A back trace this time is much better:

(gdb) bt
#0 _Heap_Protection_block_check_default (heap=0x2012a30, block=0xffffffdc) at c/src/../../cpukit/score/src/heap.c:149
#1 0x0200c82c in _Heap_Protection_block_check (heap=0x2012a30, alloc_begin_ptr=) at ../../cpukit/../../../sis/lib/include/rtems/score/heap.h:625
#2 _Heap_Free (heap=0x2012a30, alloc_begin_ptr=) at c/src/../../cpukit/score/src/heapfree.c:119
#3 0x02007d08 in _Objects_Extend_information (information=0x2012b18) at c/src/../../cpukit/score/src/objectextendinformation.c:224
#4 0x02006cc8 in _API_Mutex_Initialization (maximum_mutexes=1) at c/src/../../cpukit/score/src/apimutex.c:23
#5 0x0200672c in rtems_initialize_data_structures () at c/src/../../cpukit/sapi/src/exinit.c:125
#6 0x0200137c in boot_card (cmdline=) at c/src/lib/libbsp/sparc/erc32/../../shared/bootcard.c:163
#7 0x02001158 in zerobss () at c/src/lib/libbsp/sparc/erc32/../../sparc/shared/start.S:334
#8 0x02001158 in zerobss () at c/src/lib/libbsp/sparc/erc32/../../sparc/shared/start.S:334
Backtrace stopped: previous frame identical to this frame (corrupt stack?)
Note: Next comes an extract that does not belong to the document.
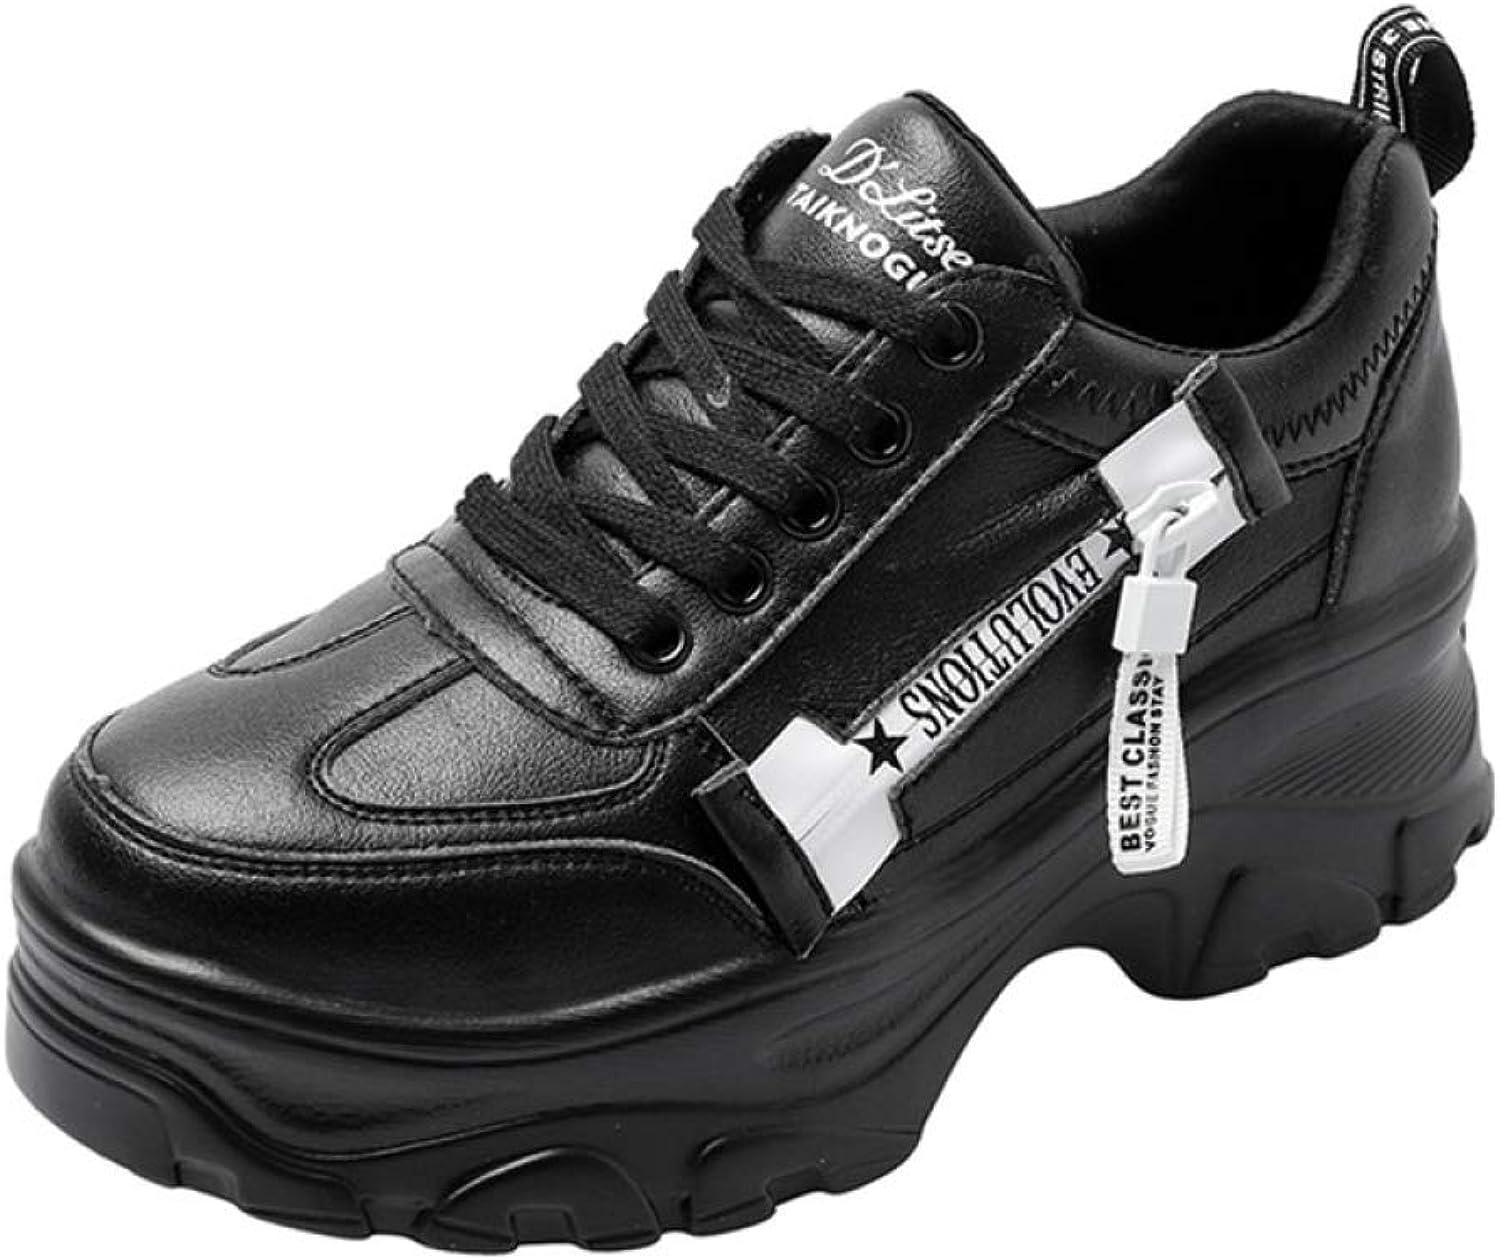 T-JULY Tenis High Heels Women Sneakers Platform Women Trainers shoes Casual Ladies shoes

Walking up the stack with the 'up' command until we end up in the _Object_Extend_information call:

(gdb) up
#3 0x02007d08 in _Objects_Extend_information (information=0x2012b18) at c/src/../../cpukit/score/src/
objectextendinformation.c:224
224 _Workspace_Free( old_tables );
(gdb) p old_tables
$16 = (void *) 0x0

It would seem _Object_Extend_information is calling the workspace with a NULL which should be ok or it use to be ok. I chat with Joel and he informs me the code in the interface to the workspace heap has changed and this has exposed some bugs. A check of the code in the heap free call shows the heap protection check is being called before the block pointer has been validated. This also explains why Joel does not see the problem. I built RTEMS with the debug configure option. There are other cases so I will need to perform a careful check of all the heap code to make sure we are correct.
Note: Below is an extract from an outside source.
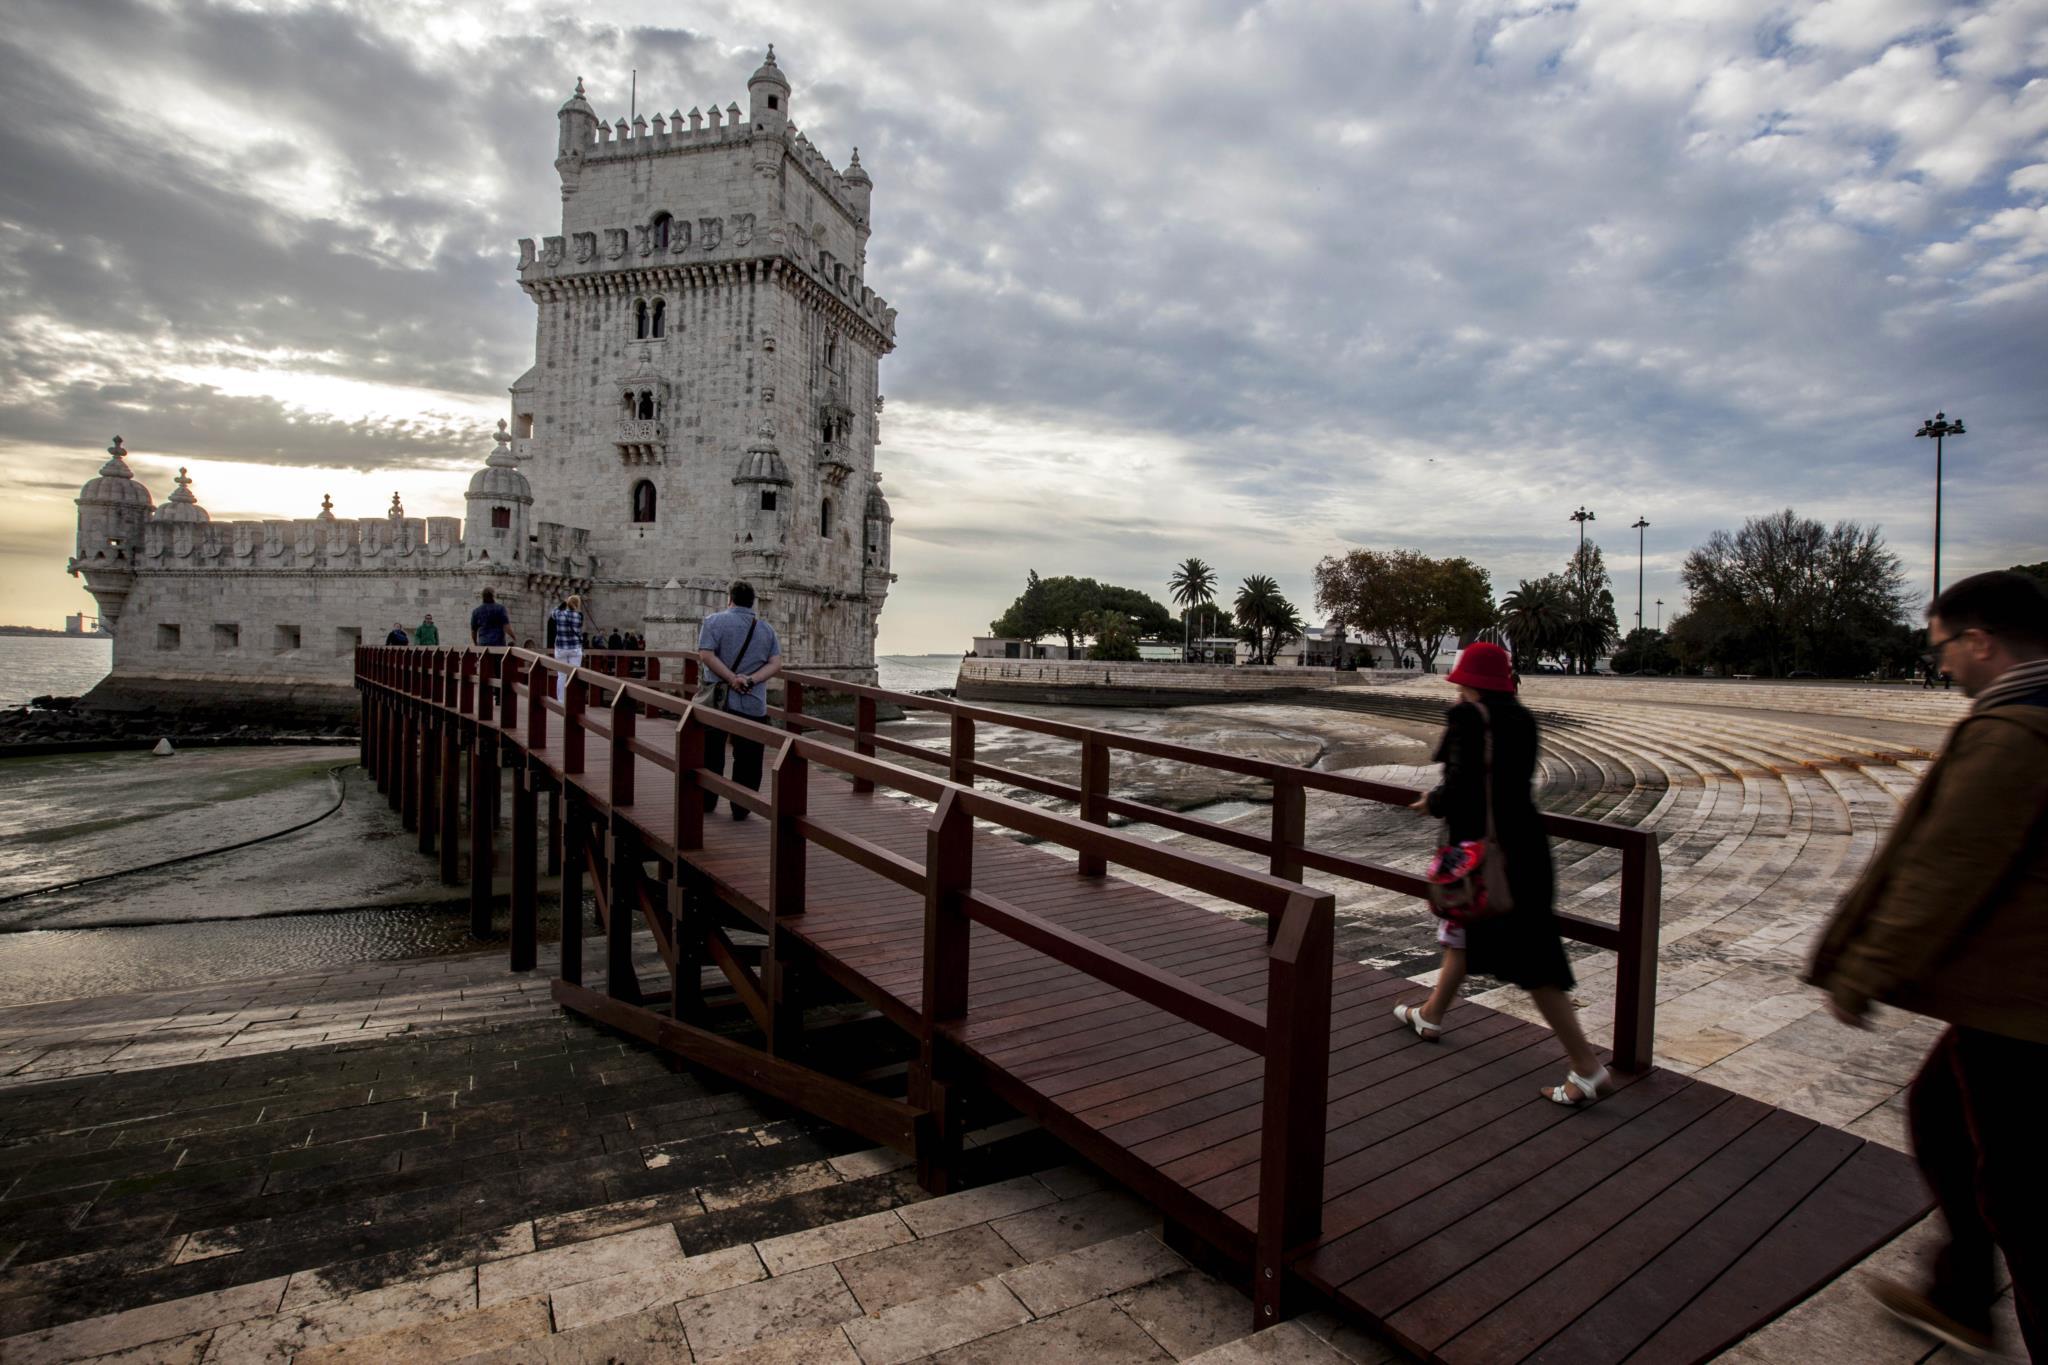 PÚBLICO - Alugueres ainda contam pouco nas receitas do património

It looks like I am not the only one who has the problem. Peter Dufault has just posted to the RTEMS user list:

http://www.rtems.org/ml/rtems-users/2011/february/msg00142.html

The PR Peter has kindly raised is:

https://www.rtems.org/bugzilla/show_bug.cgi?id=1746

I was talking with Joel about the changes when I noticed the heap extend now allows discontinuous memory regions. I did not know this was allowed and I had been assuming the memory had to be continuous because of the code in _Heap_Is_block_in_heap. A check of rtems_region_extend shows it uses heap extend and its documentation states memory must be continuous. I have raised a PR to handle this:

https://www.rtems.org/bugzilla/show_bug.cgi?id=1747

Back to Joel.. Chris' discussion should provide some insight into how an free software project and community work. I made a modification to move some scattered NULL checks before calls to _Workspace_Free into that routine. Sebastian Huber noted that since NULL pointers shouldn't be processed by _Heap_Free, so the check was technically redundant so he removed it. This exposed a latent bug in _Heap_Free when passed an invalid address and debug checks were enabled. At the same time the Chris and I were tracking this down, a user tripped the same bug and filed a PR. In reviewing the code, Chris and I found other cases which could cause the same fault and a disconnect between extending the heap and checking whether a block was in the heap. This was a side-effect of recent enhancements and had never been caught by a user. So we see a community coding together, reviewing each other's code, and working together to resolve an issue.

It is important to note that this bug was only present in the RTEMS Development Head. It cannot occur in released versions.